━━━━━ RECORD SET ━━━━━
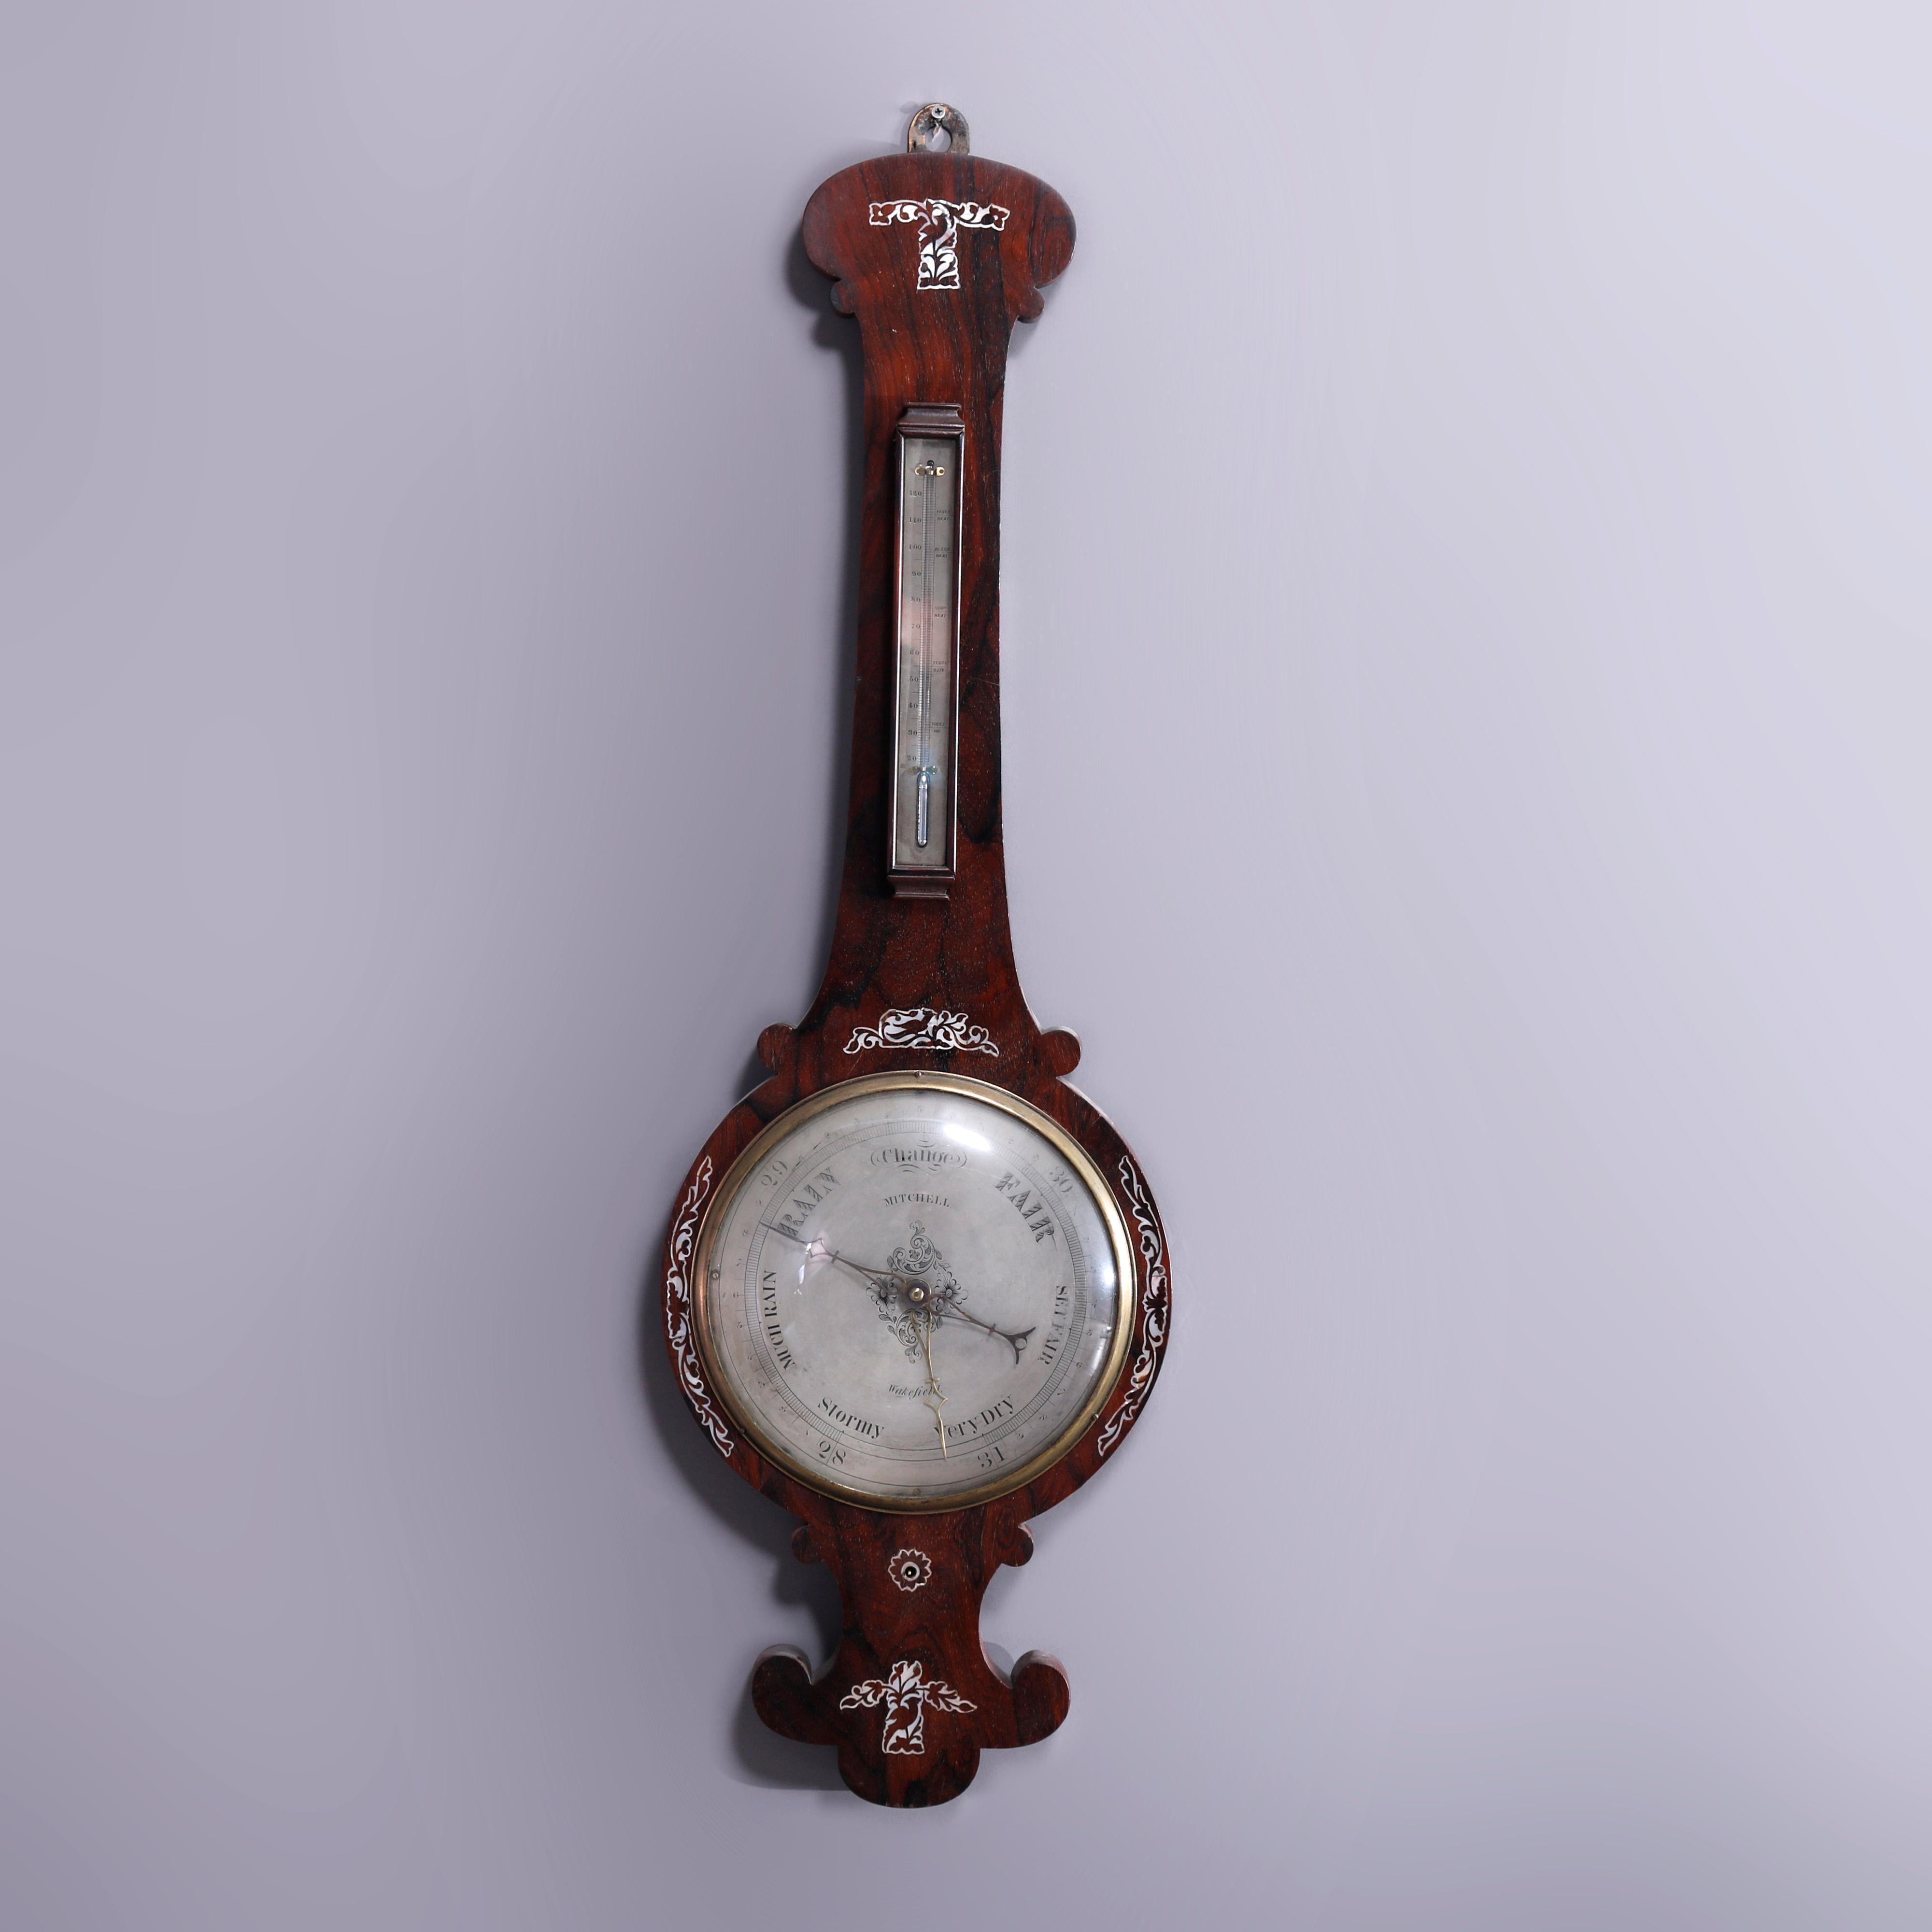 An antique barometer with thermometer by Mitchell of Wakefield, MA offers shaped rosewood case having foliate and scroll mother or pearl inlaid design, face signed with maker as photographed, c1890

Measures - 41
━━━━━
━━━━━ RECORD SET ━━━━━
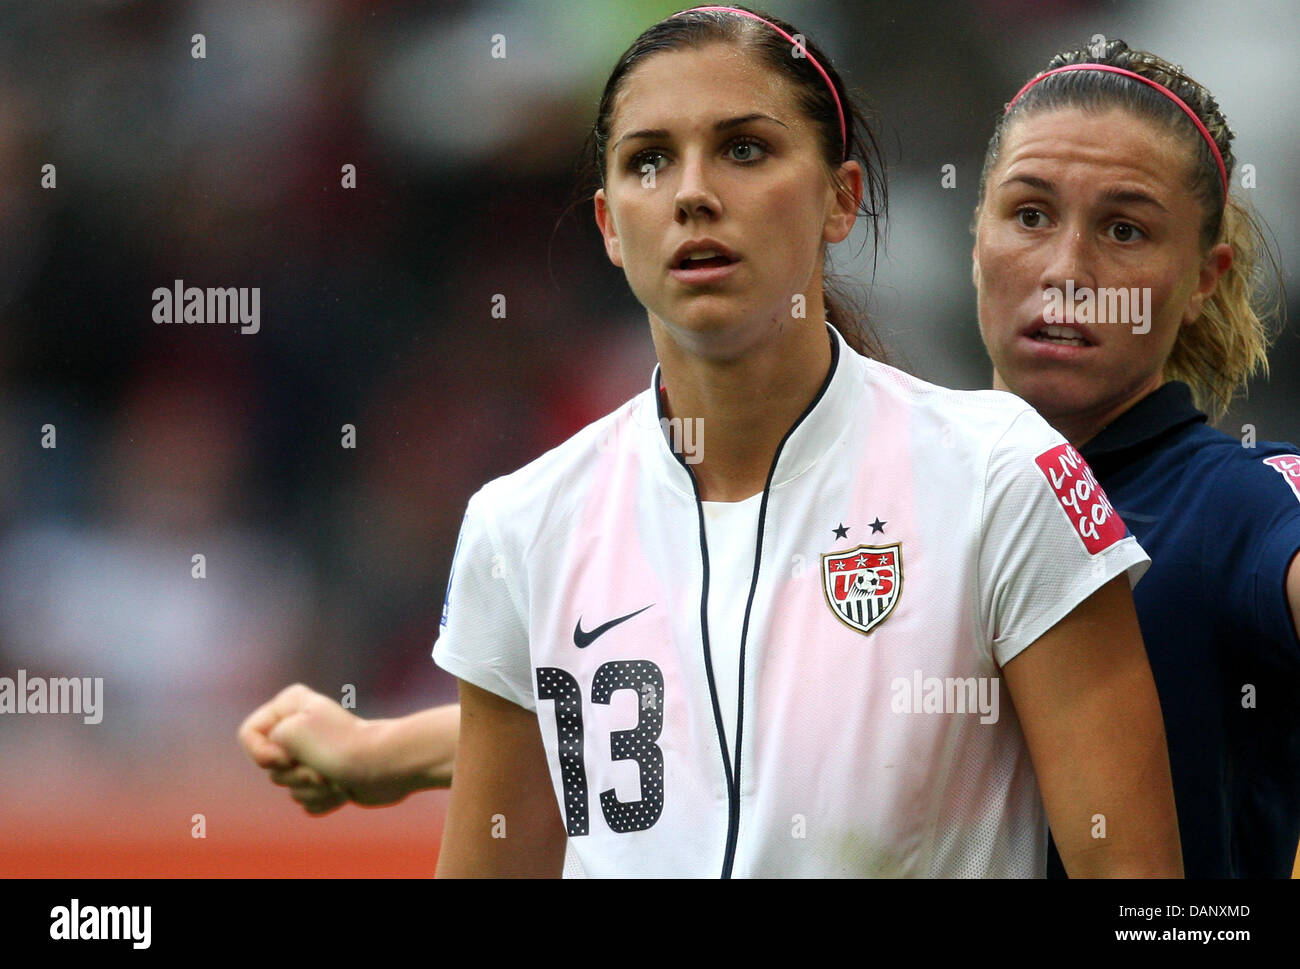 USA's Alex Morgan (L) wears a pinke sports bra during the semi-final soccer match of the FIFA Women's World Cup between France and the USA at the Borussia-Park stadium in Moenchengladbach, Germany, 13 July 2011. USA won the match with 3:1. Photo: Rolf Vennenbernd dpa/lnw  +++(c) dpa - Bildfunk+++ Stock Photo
━━━━━
━━━━━ RECORD SET ━━━━━
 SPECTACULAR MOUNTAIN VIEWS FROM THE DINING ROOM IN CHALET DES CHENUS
━━━━━
## [ACTIVITY]
Print the line above containing "An antique barometer", the line containing "Measures - 41", and everything between them, exactly as written. Pictures stay out.

## [EXERCISE OUTPUT]
 An antique barometer with thermometer by Mitchell of Wakefield, MA offers shaped rosewood case having foliate and scroll mother or pearl inlaid design, face signed with maker as photographed, c1890

Measures - 41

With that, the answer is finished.